Kol Nidre 5777: Speaking to those with whom we disagree
Written by Rabbi Josh Levy — 11 October 2016
In the autumn of 1954, a group of researchers from the University of Minnesota infiltrated a small cult, led by a woman named Dorothy Martin. Martin claimed that she was in contact with powerful figures from the planet Clarion who had told her that the world would end just before dawn on 21 December that year. True believers, though, were not to worry. They would be saved from the apocalypse – by a spaceship that would pick them up from the garden of her small Chicago home.
The researchers, working on the assumption that this would not be exactly how things turned out, were interested to see what happened when the spaceship didn’t come. How would this group, with their strongly shared common view, respond when faced with incontrovertible evidence that their belief was not correct?
Their theory was that rather than being dissuaded from their views, rather than acknowledging that they were wrong, the cult would actually become more committed and more vocal.
And this is exactly what happened.
Within a few hours of the spaceship not arriving, and the world not ending, after a short period of disappointment and distress, the group had reinvented the events of the evening. By the next morning, the apparent failure had been redefined as success. Through their actions the world had been saved.
As the researchers wrote in the book that followed, titled “When Prophecy Fails” (1), they found an “adequate, even elegant, explanation of the disconfirmation… The little group, sitting all night long, had spread so much light that God had saved the world from destruction”.
The social psychologist who led the research, a man called Leon Festinger, would later come up with a term to explain behaviour such as this. He called it cognitive dissonance. The human inclination to either avoid challenging information, or to redefine it to fit with our pre-existing belief, especially where those beliefs are ones we’ve invested in, that we hold with particular certainty. This being easier than to change our cognition or behaviour.
It is a fascinating psychological phenomenon, one that all of us experience in our lives.
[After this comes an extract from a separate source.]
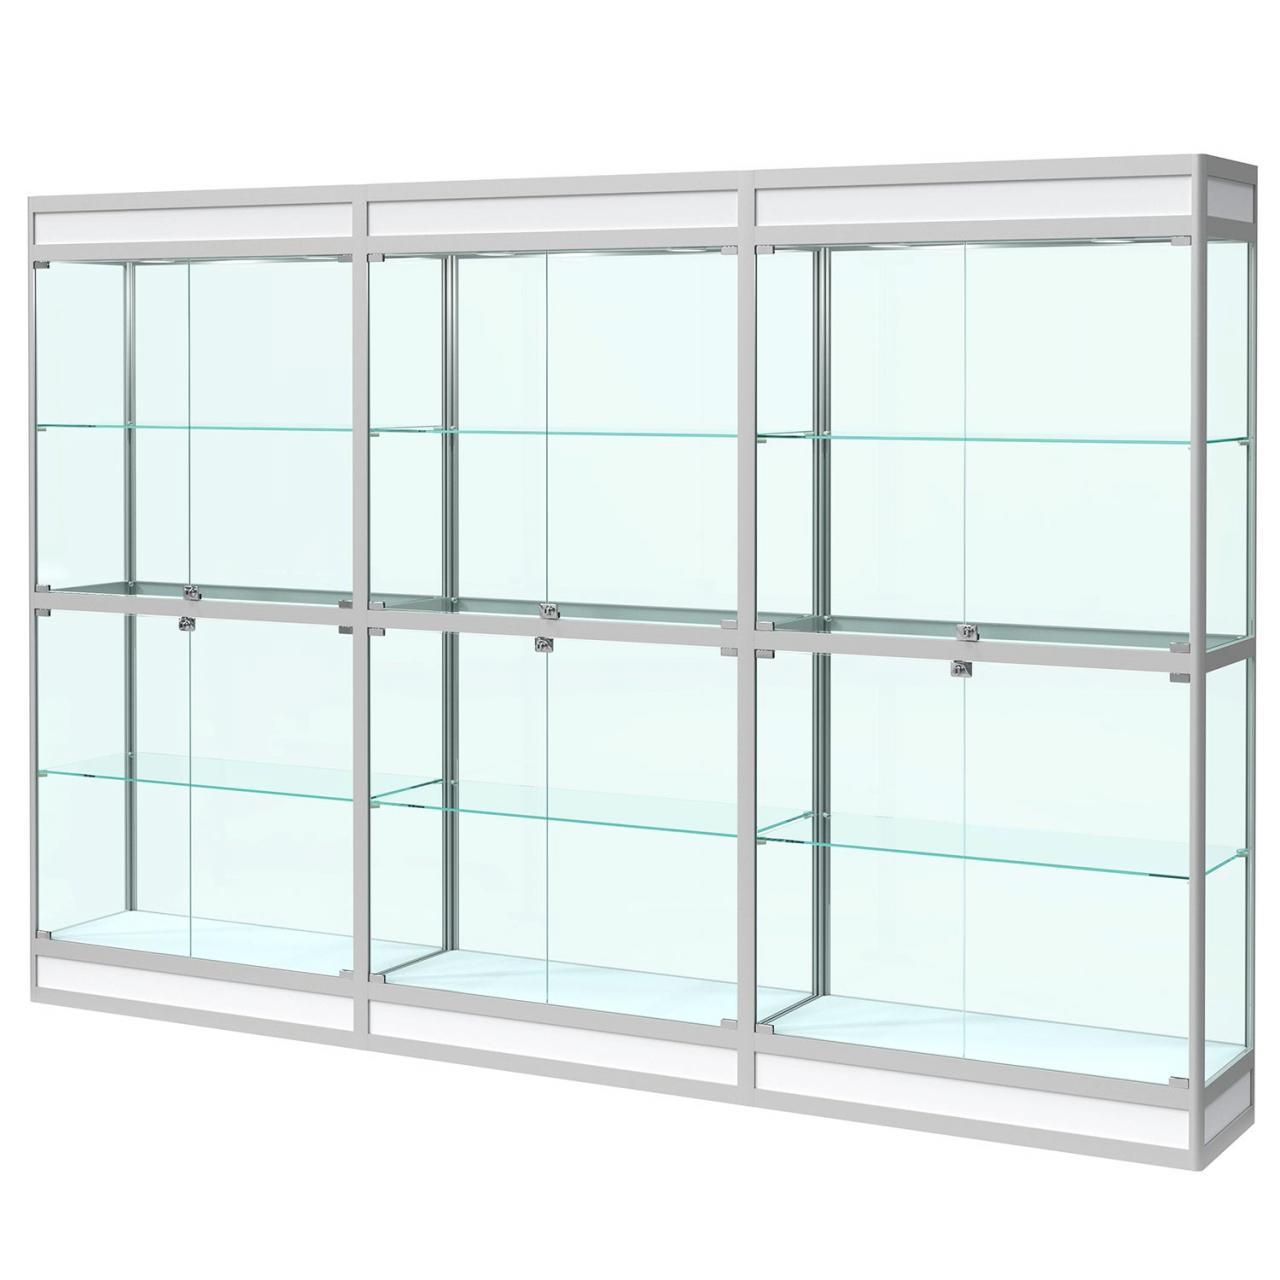 Витрина на подиуме с подсветкой. Задняя стенка стекло.

It is one of those things that if we are self-reflective enough we occasionally catch ourselves doing.
But it is more than that.
In our modern day the effects of cognitive dissonance are part of a broader pattern of behaviour that is having a devastating effect on our public discourse and our society.
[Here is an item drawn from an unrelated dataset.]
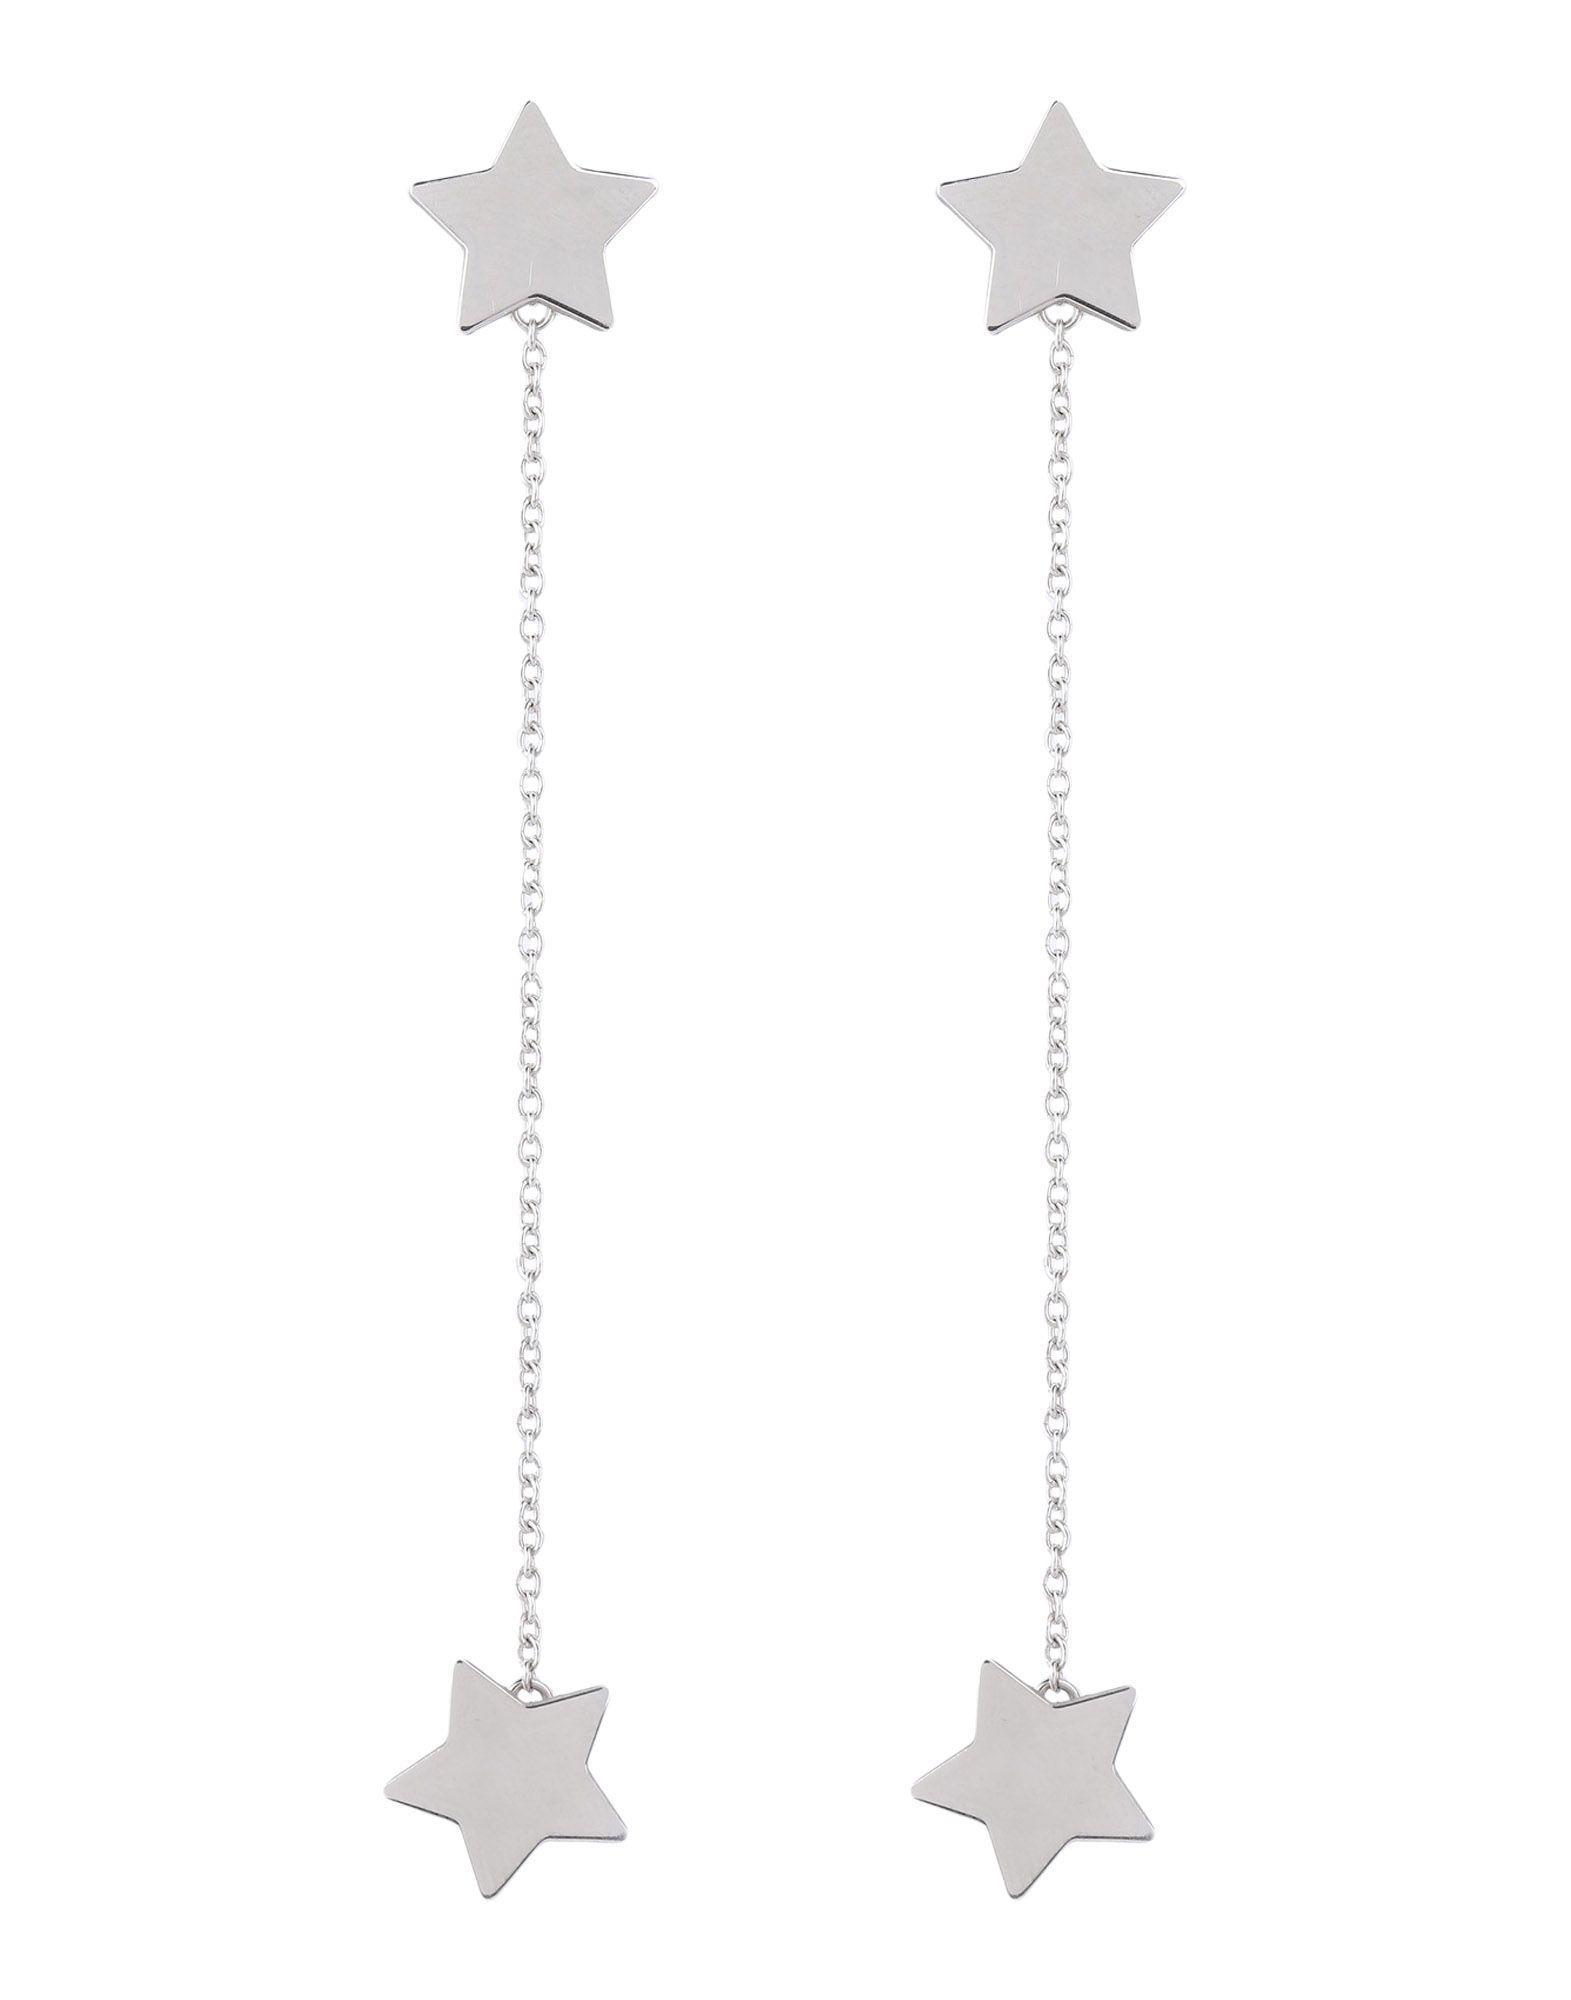 Orecchini First People First Ear Cuff Chain Stars - Donna - Acquista online su

Where once a group approaching the world with its own understanding of events already fixed, opinions firmly in hand, reinterpreting what they see according to their own model, with a shared, unshakeable certainty would be called a cult, nowadays it is a norm of modern politics.
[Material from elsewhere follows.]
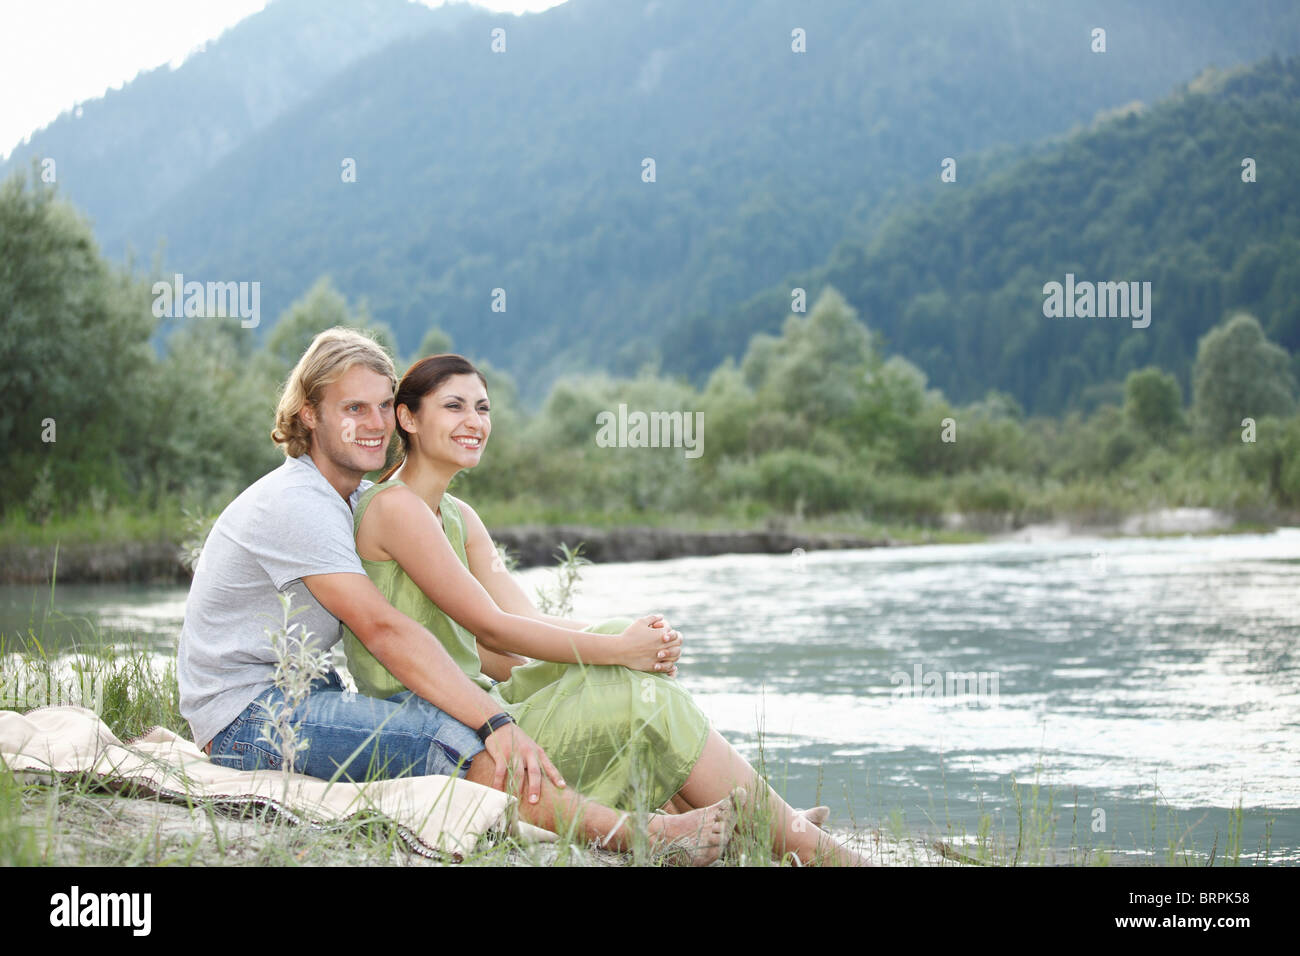 Tempo libero dal fiume in montagna Immagini Stock

Look at the vitriol, the anger rather than engagement with the argument, in any online thread under any piece of serious journalism; look at the spin room after the tawdry American Presidential debates (did anyone doubt that Fox or Breitbart would declare Trump the winner on Sunday night); experience the uncompromising passion of a Momentum rally; or live through, as we all had to, the brash certainty of the Brexit debate… and the brash certainty that has followed it.
The possibility of complexity or doubt; the possibility of a real, detailed policy debate; the possibility anyone might change their mind. These feel like wishful thinking.
For a variety of reasons: the inadequacy of our leaders, maybe; the fragmentation of the media, the development of social media, we live in an age which has seen the downgrading, the devaluing of facts, replaced by the new (what an awful word) “perspectivism” where something is right merely because enough people believe it to be so; the rejection of thoughtful, respectful argument in favour of closed conversation with other believers. The rewriting of events, and evidence to meet our own needs.
In his recent book, “Enough Said: What’s Gone Wrong with the Language of Politics?” (2), the former Director-General of the BBC, now CEO of the New York Times, Mark Thompson describes the decline of modern political rhetoric. One phenomenon he describes is the fragmentation of the media in the US. A paradoxical result of greater political division, he states, is the decline in people actually talking to each other. “Everyone in any given studio or political website” he describes “would agree with one another. The people with whom they all disagreed were absent… gathered in a different studio making the opposite case in an equally cosy ideological cocoon where they faced the same low risk of contradiction”
The ideological cocoon is even more comfortable on social media. This from the most recent Economist (3) about the reality of living in what we now, with terrifying calmness refer to as “the post-truth age”:
“Lies that are widely shared online within a network, whose members trust each other more than they trust any mainstream media source, can quickly take on the appearance of truth. Presented with evidence that contradicts a belief that is dearly held, people have a tendency to ditch the facts first.” Or to quote Shirley Williams, who lived politics in a different age: “We are fighting an uphill battle for truth, to be able to base people’s opinions on facts and not on the stuff they have presented on Twitter” (4).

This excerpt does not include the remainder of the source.